[THE INPUT — start]
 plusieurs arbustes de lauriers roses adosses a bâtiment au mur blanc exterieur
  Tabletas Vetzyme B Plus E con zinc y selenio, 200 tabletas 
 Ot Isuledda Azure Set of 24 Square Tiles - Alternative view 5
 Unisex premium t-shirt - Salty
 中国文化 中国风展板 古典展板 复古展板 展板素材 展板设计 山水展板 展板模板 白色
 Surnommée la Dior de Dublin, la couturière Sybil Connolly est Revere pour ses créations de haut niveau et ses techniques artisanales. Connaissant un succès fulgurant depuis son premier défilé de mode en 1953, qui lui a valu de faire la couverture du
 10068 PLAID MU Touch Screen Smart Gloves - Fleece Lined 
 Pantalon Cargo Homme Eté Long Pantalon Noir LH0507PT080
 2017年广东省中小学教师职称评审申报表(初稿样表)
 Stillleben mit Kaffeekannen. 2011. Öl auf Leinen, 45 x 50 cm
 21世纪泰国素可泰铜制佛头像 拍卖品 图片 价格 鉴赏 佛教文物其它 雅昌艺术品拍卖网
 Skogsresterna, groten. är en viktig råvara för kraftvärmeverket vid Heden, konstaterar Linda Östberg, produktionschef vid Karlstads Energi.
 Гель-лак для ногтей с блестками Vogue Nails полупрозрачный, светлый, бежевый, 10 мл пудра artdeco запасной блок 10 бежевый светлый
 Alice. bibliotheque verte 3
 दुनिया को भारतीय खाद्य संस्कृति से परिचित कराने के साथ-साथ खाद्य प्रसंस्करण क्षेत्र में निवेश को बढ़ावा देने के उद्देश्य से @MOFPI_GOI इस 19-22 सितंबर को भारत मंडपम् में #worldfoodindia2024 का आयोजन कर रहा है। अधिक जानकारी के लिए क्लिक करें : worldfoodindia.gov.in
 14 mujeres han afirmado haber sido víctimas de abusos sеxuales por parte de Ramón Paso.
[THE INPUT — finish]
▶ _THE PROBLEM_: Each line from the top of the records through the one with "中国文化 中国风展板 古典展板 复古展板 展板素材 展板设计 山水展板 展板模板 白色" should be returned exactly. Leave out everything else.

▶ _SOLUTION TO THIS TASK_:
 plusieurs arbustes de lauriers roses adosses a bâtiment au mur blanc exterieur
  Tabletas Vetzyme B Plus E con zinc y selenio, 200 tabletas 
 Ot Isuledda Azure Set of 24 Square Tiles - Alternative view 5
 Unisex premium t-shirt - Salty
 中国文化 中国风展板 古典展板 复古展板 展板素材 展板设计 山水展板 展板模板 白色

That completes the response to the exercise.